Minnesota House Democrats have outlined the $150 million in cuts they plan to make to the Health and Human Services budget.

"Cutting $150 million from this budget was not a desirable or easy task, but we have achieved our goal of making significant reductions in the HHS budget while protecting the most vulnerable Minnesotans," House Health and Human Services Finance Committee Chairman Tom Huntley, DFL-Duluth, said in a statement issued as his committee took up a public review of the omnibus budget bill.

The massive HHS Omnibus bill runs for 474 pages and outlines the $13.2 billion budget for health and human services for the state for the next two years. That money funds services for some of the poorest, sickest and oldest people in the state, everything from childcare to nursing homes and food assistance for needy families.

Some of the cuts will be covered by increased spending in other areas. If the Legislature approves all-day kindergarten this year, that could mean fewer children on welfare who need state-subsidized child care. The budget also cuts $66 million by changes in payments to managed care providers, and $93 million through "targeted reductions to existing programs and reforms of services in areas like dental and prescription drugs."
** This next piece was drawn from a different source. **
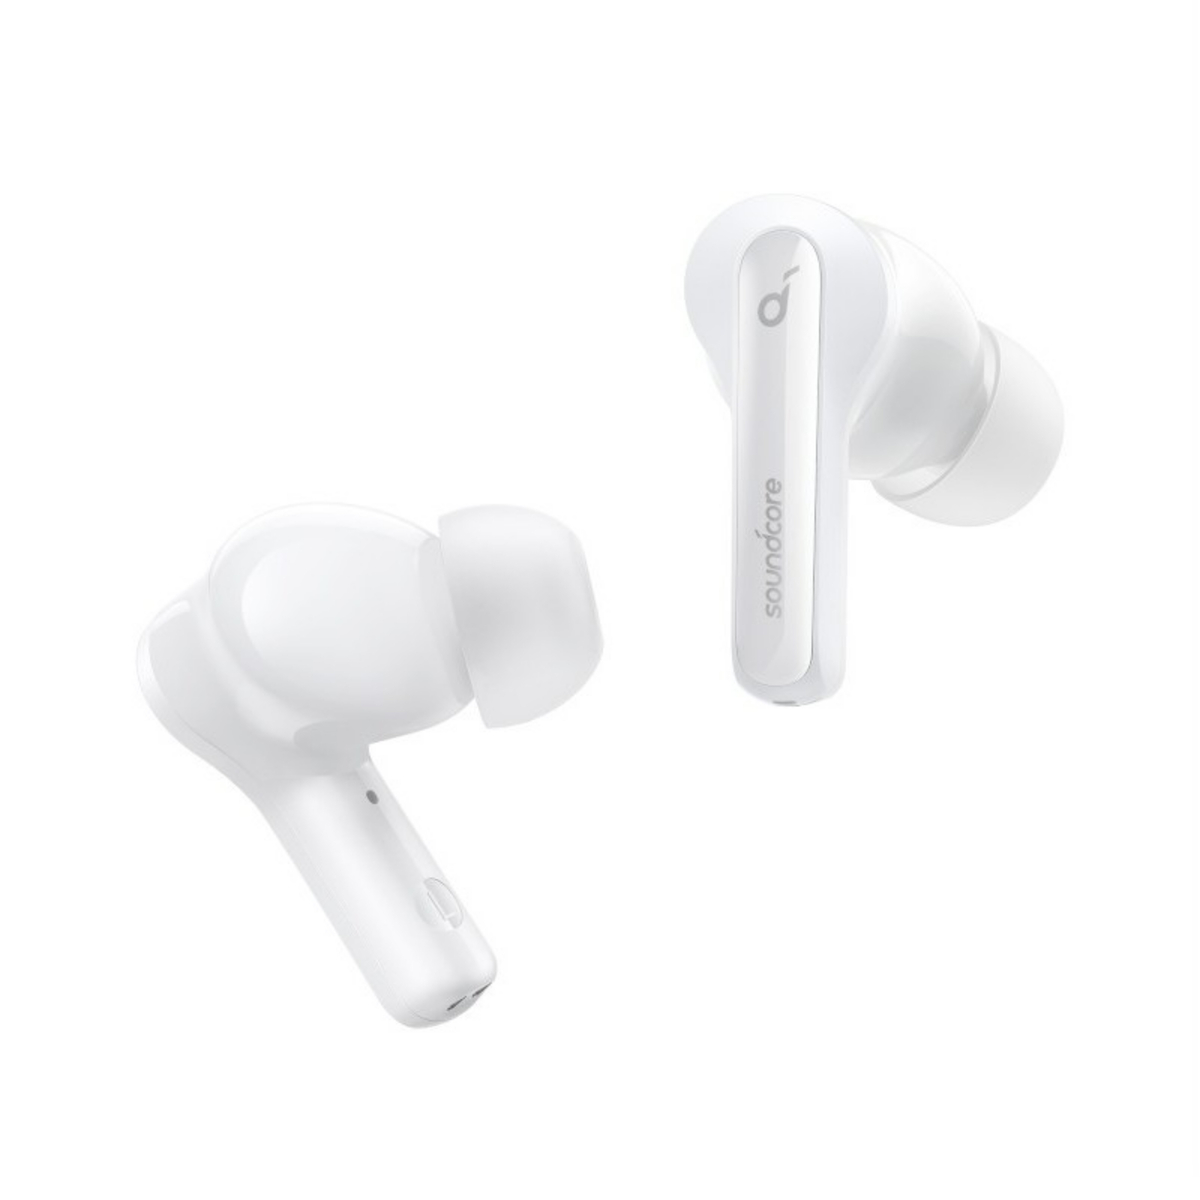 Anker Soundcore Life Note 3i Earbuds, White, A3983H21

When the House and Senate leadership targeted the HHS budget for cuts, it brought hundreds of protesters to the Capitol, including worried caretakers who feared the cuts would fall on their salaries. Tuesday's bill calls for a 2 percent cost of living for long-term care providers, who have not seen a raise in almost five years.

The bill also includes $100 million in hospital surcharges; which the budget expects to be offset by the a $1 billion increase in federal funding to Minnesota hospitals as part of the ongoing federal healthcare overhaul. Even with the surcharges, the committee press release states, hospitals will see an $800 million increase in state and federal funding over the next four years.